My guess is that it is so for stubborn people
who prefer their variable names to start with a '$' as it has to in some other languages.
Perhaps it's for ancient parsers/syntax highlighters?
Create an issue if you know better.
### Concatenation macro operator
`##` is a special operator available inside macro definitions.
It will literally glue together the arguments on its 2 sides.
Historically it has been used to generate symbol names.
### include\_next
Including is surprisingly high-level with search paths and precedence.
Turns out this happens to open a hole in functionality,
which is otherwise absent from C.
So,
`#include <myheader.h>` will start trying to include the file 'myheader.h'
searching for in whatever directories the linker considers to contain system header files.
Then,
`#include "myheader.h"`
start from the current directory,
but falls back to the `<>` behavior.
In either case,
whatever is found first to satisfy the file name is taken.

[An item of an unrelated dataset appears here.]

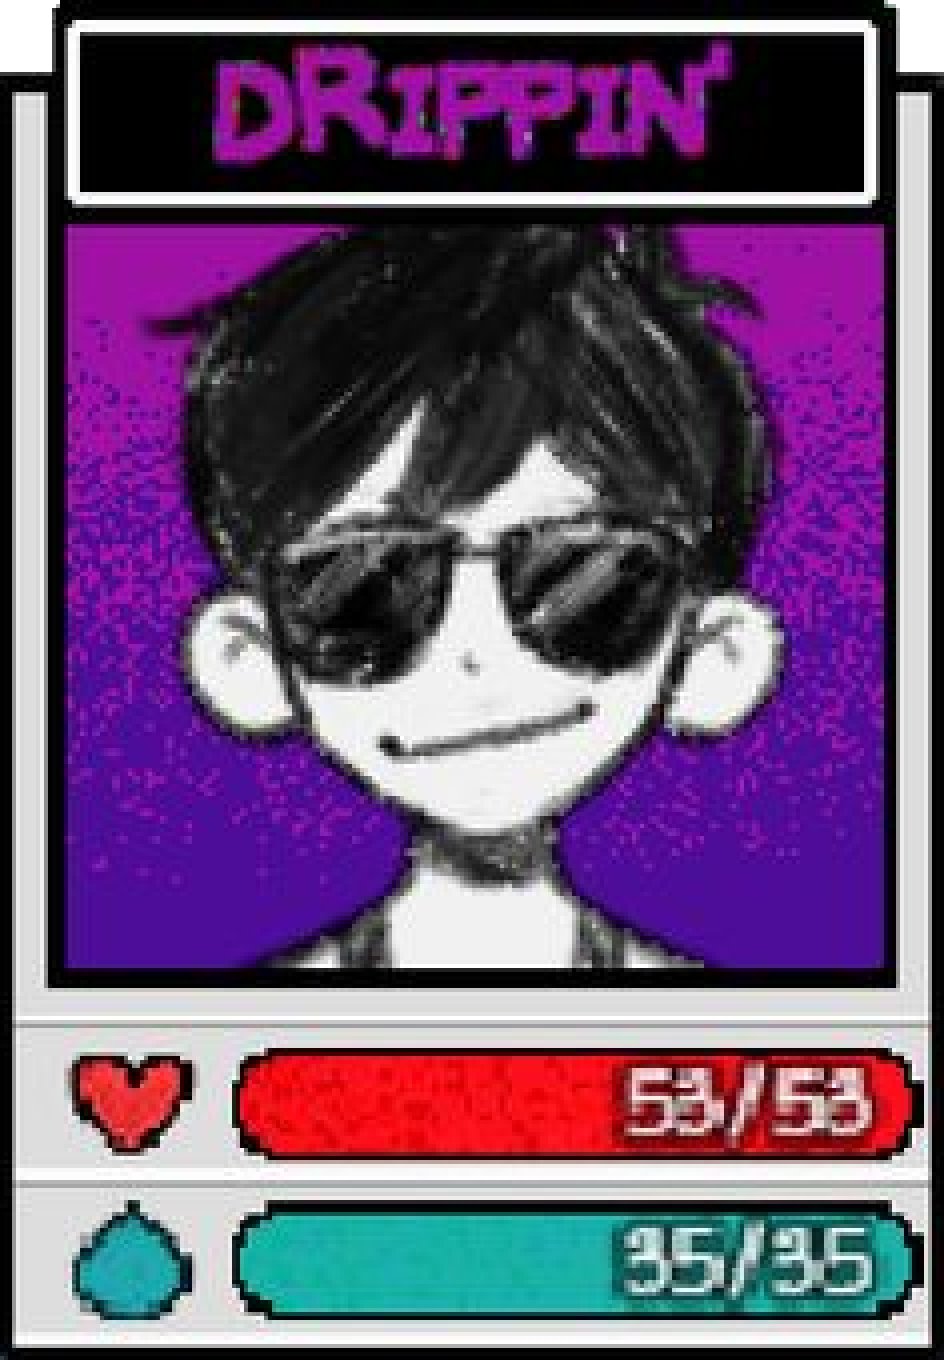 Semi-Infrequent OMORI Facts on X: Originally, the EMOTIONS system was  planned to have 4 tiers. Here is the cut 4th tier of HAPPY used by OMORI in  one early 2014 demo build

Now, what happens if we do not want the first?
Or rather, we must have another.
As the GNU documentation explains it through an example,
say you wish to override a system header -say wrap it,
but your own header depends on the original one.
Standard C provides no way to resolve the situation.
For this reason `#include_next` was added as a widely accepted extension,
which excludes the current path from the list of searchable paths
to prohibit recursive inclusion.
### iso646.h
From what I've seen,
this perfectly standard header that tends to be relatively little known.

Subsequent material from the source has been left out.